In what we would consider to be a normal world, you would be correct. Lower government spending would free up capital for investment that would grow the private side of the economy. However, we are in a new normal. Government spending and regulation have become so entwined with the private sector that the C + I depend on the government for a big part of their existence. Also consider that any newly available capital may likely be used to expand production overseas so as to maximize profit. In my opinion, domestic private sector growth is now tied to Uncle Sam. We are so screwed thanks to Krugman and the unintended consequences of economic and foreign policy over the last 20 years.
It’s not just freeing up capital for investment. It’s also removing the government employees that prevent businesses from starting, expanding, hiring, etc. A government with fewer employees messes things up less. So it’s not just a matter of the government sucking up private capital. It’s the government actively preventing the capital in the private sector from being used effectively.
Yes...just great. Cut DOD (the only constitutionally mandated government function) by a trillion resulting in rusting ships and a weakened overall defense (putting our men and when in the military at risk). Meanwhile, all the other government useless departments are growing.
What a great leaders we have...
...men and women...
What great leaders we have.
That is an absolute lie.
I didn't know I lived in North Korea, yet. How can someone spread such blatant disinformation?
Defense spending is about to be gutted (and every single member of the Joint Chiefs has used that word). The Sequester cuts have to come from Operations and Maintenance because Guard, Reserve, and Active Duty personnel accounts cannot be touched by order of Obama who was afraid of the political fallout. So O&M will decrease by 35%.
Defense spending dropped 22.1% last quarter, the lowest in 40 years, and it helped drag GDP into negative territory for the first time since 2009.
Sequestration will result in furloughs, layoffs, cancelled contracts, deferred maintenance, and plant closings.
On the "morality" side, this nation will be fully funding give away programs, Food Stamps, unemployment checks for 99 weeks to people who don't work (to the tune of $200 Billion just this year), but we are taking 50% of the Sequestration cuts from 17% of the budget that is a Constitutional piece of government (whereas Medicare, Social Security, EITC, and Medicaid are not).
People are trying to "spin" this issue when the facts are clear. That is lying, and that is wrong.

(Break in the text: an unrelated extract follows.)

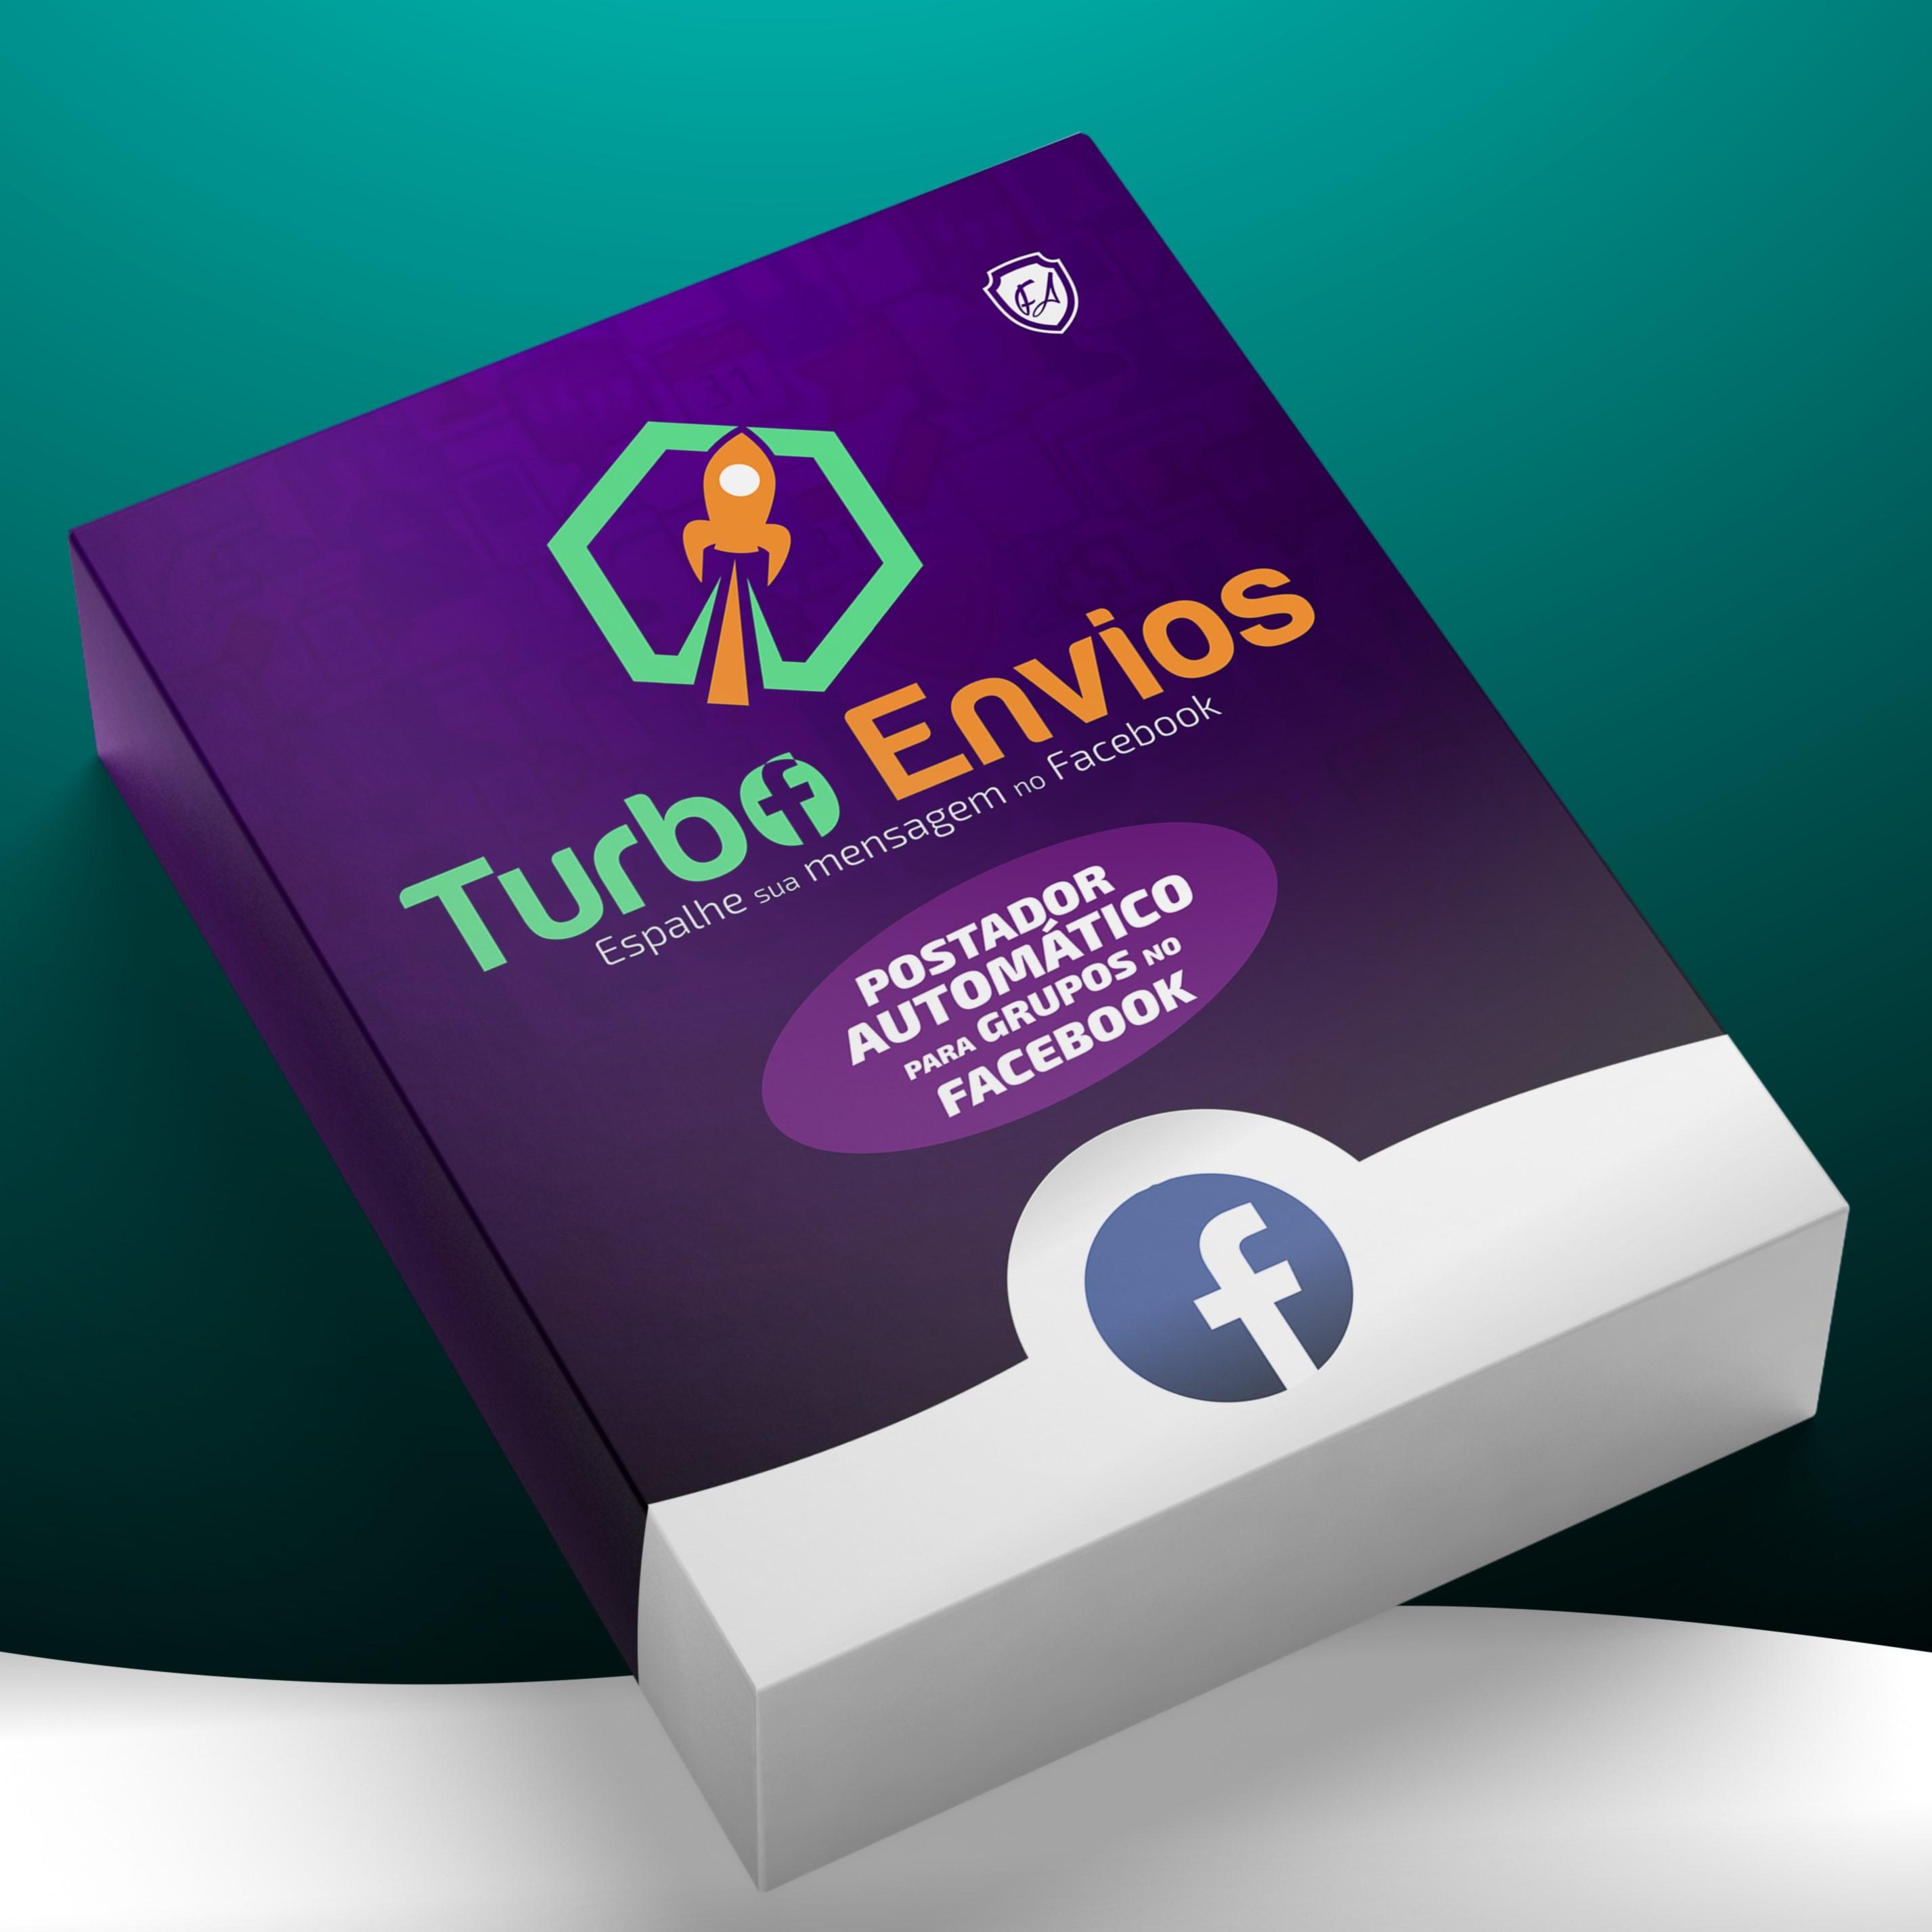 Turbo Envio

Amen. Finally, some sanity on this board. See my post above.
“The impact has only just now started to show itself; like an iceberg, its all of the stuff underneath we don’t see yet that is the bulk of it. “
The illusion of the iceberg began with the excessive, wasteful spending, not with the withdrawal of that spending. The economic growth fueled with borrowed money was never real or sustainable.
A job loss of a government employee, contractor is not a negative in the sense of the loss of employees and manufacturing capability in the private economy.
It’s tough on people just the same - especially folks in government service, or contracting to the same - as the vast majority will take time to realize that they never really were worth the money they were making and to lower expectations for standard of living until it matches what the private sector can provide.
It’s a cruel world out there when your expectations are set too high - but to be sure, the reduction of government IS a positive for growing the private economy. It’s not even rational to argue against it.
“Defense spending is about to be gutted (and every single member of the Joint Chiefs has used that word)”
here we go again.
Just because a bureaucrat-general says “gutted” doesn’t make it so.
A real general would get the job done - focus spending on war-fighting capability only.
But we don’t have “real” generals anymore we have bureaucrat-generals who defend “their” budgets over providing as effective a constitutionally mandated defense of country as is achievable with budgets provided.
The JCS has no business using political language like “gutted” Their job is to tell us what we get for the money provided.